Re: Mercantile Mutual Custodians P/L v Village/Nine Network Rest

Case

[1999] QSC 125

11 June 1999


IN THE SUPREME COURT
OF QUEENSLAND

Brisbane  No.1823 of 1996

Before the Hon. Mr Justice Mackenzie

[re: Mercantile Mutual Custodians P/L v Village/Nine Network Rest & Ors]

BETWEEN:

MERCANTILE MUTUAL CUSTODIANS PTY LTD
  (ACN 008 508 496)
  Plaintiff

AND:

VILLAGE/NINE NETWORK RESTAURANTS &BARS PTY LTD
  (ACN 061 400 799)
  First Defendant

AND:
  VILLAGE ROADSHOW LIMITED
  (ACN 010 672 054)
  Second Defendant

AND:
  PUBLISHING AND BROADCASTING LIMITED
  (FORMERLY NINE NETWORK AUSTRALIA LIMITED)
  ACN 009 071 167)
  Third Defendant

JUDGMENT - MACKENZIE J.

Judgment delivered 11 June 1999

CATCHWORDS:          PRACTICE - leave to amend an amended defence - plaintiff's alleged failure to mitigate the loss and damage alleged to have been suffered - statement of claim - further and better particulars.

Counsel:Mr Wilson QC for the applicant

Mr D Jackson QC for the respondent

Solicitors:Lees Marshall Warnick as town agents for Herbert Geer & Rundle

RWT Mann & Partners for the respondent

Hearing Date:  9 April 1999

IN THE SUPREME COURT
OF QUEENSLAND

Brisbane  No.1823 of 1996

Before the Hon.
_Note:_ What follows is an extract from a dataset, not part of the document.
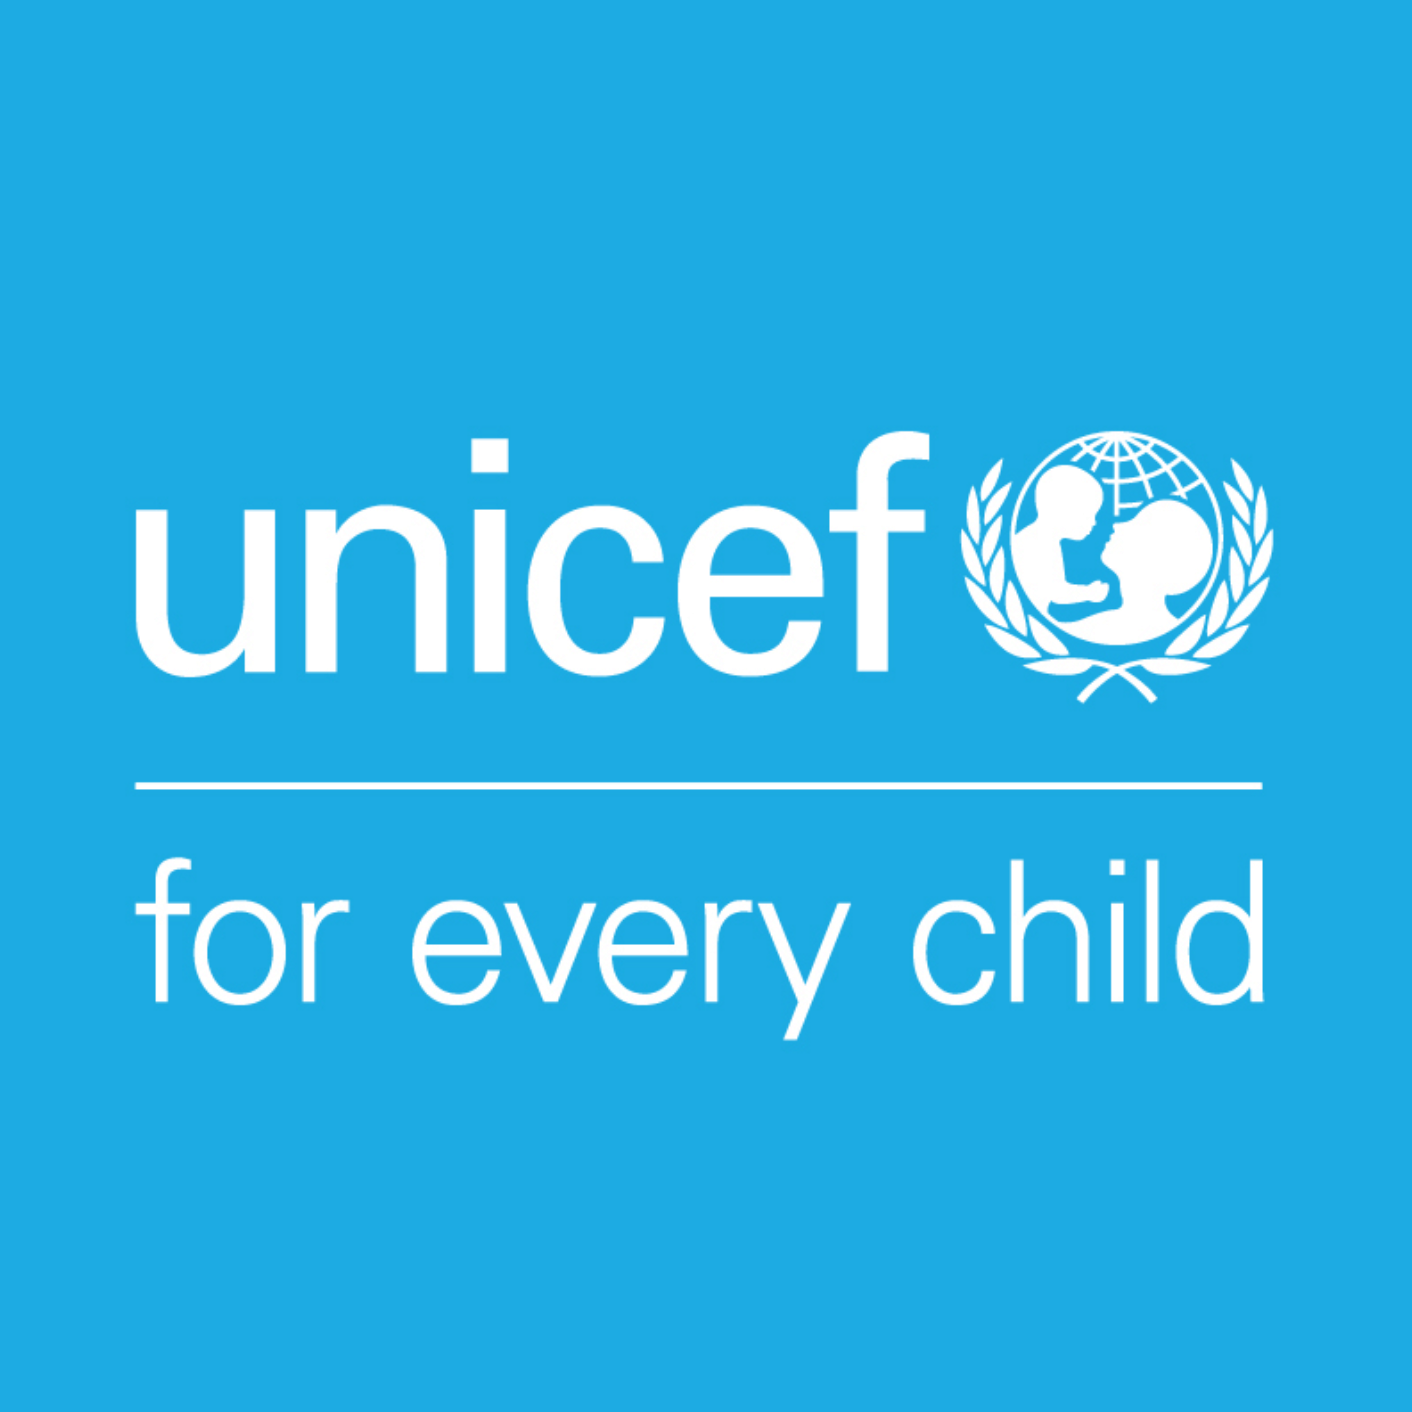 ახალგაზრდული პოლიტიკისა და სამოქმედო გეგმის შემუშავების პროგრამა  (UNICEF)

Mr Justice Mackenzie

[re: Mercantile Mutual Custodians P/L v Village/Nine Network Rest & Ors]

BETWEEN:

MERCANTILE MUTUAL CUSTODIANS PTY LTD
  (ACN 008 508 496)
  Plaintiff

AND:

VILLAGE/NINE NETWORK RESTAURANTS &BARS PTY LTD
  (ACN 061 400 799)
  First Defendant

AND:
  VILLAGE ROADSHOW LIMITED
  (ACN 010 672 054)
  Second Defendant

AND:
  PUBLISHING AND BROADCASTING LIMITED
  (FORMERLY NINE NETWORK AUSTRALIA LIMITED)
  ACN 009 071 167)
  Third Defendant

JUDGMENT - MACKENZIE J.

Judgment delivered 11 June 1999

  1. This is a summons for leave to further amend an amended defence.  The chronology handed up with the submissions shows that the action has had a lengthy and litigious history.  Most recently Ambrose J gave leave to amend the defence.  During the period when his decision was reserved there was an unsuccessful mediation. 
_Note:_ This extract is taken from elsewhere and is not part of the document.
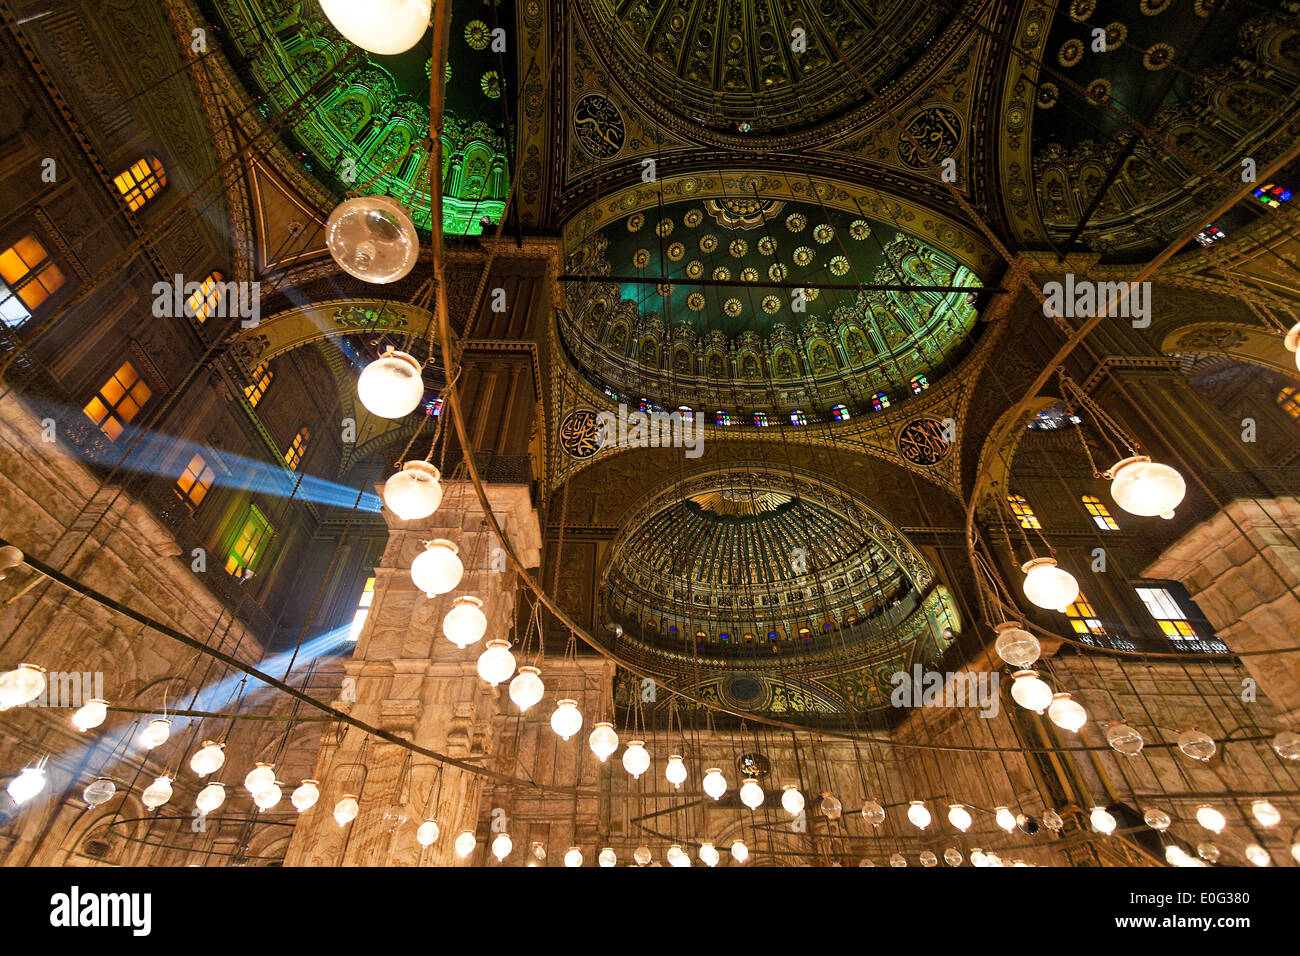 Egipto, El Cairo. Mohammed Ali Moschee. Fotografía de interiores, aegypten, Kairo. Mohammed Ali Moschee. Innenaufnahme. Foto de stock

  2. On 22 February 1999 the present summons for leave to amend the defence yet again was filed.  According to the affidavit of Mr Stops, solicitor for the defendants, counsel retained by the defendants since September 1996 had become unavailable prior to the mediation because he was appearing in the Royal Commission into the Victorian gas plant disaster.  New senior counsel engaged for the mediation reviewed the pleadings and other documents and formed the view, at about the time when Ambrose J delivered his judgment, that the pleadings, even if amended in the way ultimately permitted by Ambrose J, did not accurately record the issues as between the parties. 

  3. On 23 December 1998 the plaintiff's solicitors were advised that the defendants would not be relying on the leave granted by Ambrose J and would be preparing a further defence.  On 2 February 1998 an amended defence drawn by new senior counsel was sent to them.  On 19 February 1999 the plaintiff's solicitors commented upon the draft and the defendants' solicitors responded on 15 March 1999, sending a redraft of the proposed further amended defence, taking into account the plaintiff's solicitors comments.  Further response was invited. 

  4. On 18 March 1999 the plaintiff's solicitors sent two letters.  The first replied in respect of specific paragraphs of the letter of 15 March 1999 and referred to the absence of evidence concerning  the reason for the delay in getting the pleadings in order.  The second refined one of the points made in the first letter and added further comments about one paragraph.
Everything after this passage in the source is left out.